(Required action):
Note each line of the listing that contains the string "Italy", and copy it.

═══

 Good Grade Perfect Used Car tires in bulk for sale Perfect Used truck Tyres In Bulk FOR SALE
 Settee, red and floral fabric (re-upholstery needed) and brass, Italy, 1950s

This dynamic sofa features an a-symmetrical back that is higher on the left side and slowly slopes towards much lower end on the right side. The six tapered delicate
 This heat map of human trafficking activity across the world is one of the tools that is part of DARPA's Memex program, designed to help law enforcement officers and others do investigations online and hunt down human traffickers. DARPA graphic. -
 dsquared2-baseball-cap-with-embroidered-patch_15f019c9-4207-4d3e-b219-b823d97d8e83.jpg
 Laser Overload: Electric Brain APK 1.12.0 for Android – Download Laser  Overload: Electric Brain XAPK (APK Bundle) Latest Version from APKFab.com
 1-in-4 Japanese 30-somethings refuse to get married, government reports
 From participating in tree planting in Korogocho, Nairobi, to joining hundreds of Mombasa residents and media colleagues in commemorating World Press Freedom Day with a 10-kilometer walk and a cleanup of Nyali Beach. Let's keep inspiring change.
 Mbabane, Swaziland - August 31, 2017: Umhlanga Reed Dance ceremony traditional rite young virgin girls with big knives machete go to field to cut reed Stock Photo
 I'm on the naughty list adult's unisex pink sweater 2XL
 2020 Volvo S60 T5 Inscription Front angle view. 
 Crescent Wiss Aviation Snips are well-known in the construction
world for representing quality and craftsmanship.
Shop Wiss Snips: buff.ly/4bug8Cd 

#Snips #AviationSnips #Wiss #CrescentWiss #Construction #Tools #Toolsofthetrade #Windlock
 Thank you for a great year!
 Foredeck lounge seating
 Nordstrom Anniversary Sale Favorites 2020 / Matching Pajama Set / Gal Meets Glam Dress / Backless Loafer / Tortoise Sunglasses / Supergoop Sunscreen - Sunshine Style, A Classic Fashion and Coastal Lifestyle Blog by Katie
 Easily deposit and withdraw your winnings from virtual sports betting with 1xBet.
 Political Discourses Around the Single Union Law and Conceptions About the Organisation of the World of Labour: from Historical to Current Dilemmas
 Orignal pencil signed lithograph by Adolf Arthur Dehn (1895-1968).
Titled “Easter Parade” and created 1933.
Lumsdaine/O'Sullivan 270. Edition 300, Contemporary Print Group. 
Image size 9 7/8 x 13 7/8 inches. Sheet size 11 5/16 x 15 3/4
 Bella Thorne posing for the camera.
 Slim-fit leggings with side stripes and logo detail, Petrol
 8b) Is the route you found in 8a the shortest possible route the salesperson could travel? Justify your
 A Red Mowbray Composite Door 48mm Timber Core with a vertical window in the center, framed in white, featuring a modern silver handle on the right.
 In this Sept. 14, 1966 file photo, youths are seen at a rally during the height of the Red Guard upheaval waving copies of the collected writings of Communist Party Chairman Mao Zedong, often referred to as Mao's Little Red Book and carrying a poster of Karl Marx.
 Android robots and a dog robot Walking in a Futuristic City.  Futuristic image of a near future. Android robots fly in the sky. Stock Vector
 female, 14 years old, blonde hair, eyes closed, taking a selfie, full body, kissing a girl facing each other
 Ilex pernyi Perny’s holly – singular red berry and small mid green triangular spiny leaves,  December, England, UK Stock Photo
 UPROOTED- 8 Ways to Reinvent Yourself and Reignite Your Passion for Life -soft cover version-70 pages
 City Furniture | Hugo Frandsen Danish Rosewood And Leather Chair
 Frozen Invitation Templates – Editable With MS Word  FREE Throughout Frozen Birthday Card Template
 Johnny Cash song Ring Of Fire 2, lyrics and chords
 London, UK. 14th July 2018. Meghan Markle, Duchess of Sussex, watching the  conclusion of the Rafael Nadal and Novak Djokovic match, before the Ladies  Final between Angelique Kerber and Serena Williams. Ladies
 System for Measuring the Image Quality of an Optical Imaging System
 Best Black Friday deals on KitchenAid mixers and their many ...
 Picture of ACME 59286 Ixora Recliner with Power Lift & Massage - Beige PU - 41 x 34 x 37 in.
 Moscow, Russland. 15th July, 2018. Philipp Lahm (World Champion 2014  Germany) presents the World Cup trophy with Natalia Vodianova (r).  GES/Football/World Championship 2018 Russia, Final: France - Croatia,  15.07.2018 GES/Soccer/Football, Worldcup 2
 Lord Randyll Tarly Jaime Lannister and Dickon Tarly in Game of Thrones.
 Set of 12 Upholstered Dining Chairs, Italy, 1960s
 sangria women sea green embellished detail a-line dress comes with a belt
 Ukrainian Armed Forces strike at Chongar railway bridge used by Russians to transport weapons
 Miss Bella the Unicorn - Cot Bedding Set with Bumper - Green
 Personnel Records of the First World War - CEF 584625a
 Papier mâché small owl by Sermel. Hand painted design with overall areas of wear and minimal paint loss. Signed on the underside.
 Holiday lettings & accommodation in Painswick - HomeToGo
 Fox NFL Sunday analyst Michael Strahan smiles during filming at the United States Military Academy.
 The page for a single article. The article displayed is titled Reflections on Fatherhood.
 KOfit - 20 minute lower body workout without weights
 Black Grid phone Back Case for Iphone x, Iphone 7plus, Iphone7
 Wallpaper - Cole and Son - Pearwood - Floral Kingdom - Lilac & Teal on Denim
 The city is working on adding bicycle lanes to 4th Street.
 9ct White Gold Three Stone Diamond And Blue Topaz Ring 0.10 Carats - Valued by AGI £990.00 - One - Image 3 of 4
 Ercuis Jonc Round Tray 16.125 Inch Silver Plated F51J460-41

═══

(Your solution):
 Settee, red and floral fabric (re-upholstery needed) and brass, Italy, 1950s
 Set of 12 Upholstered Dining Chairs, Italy, 1960s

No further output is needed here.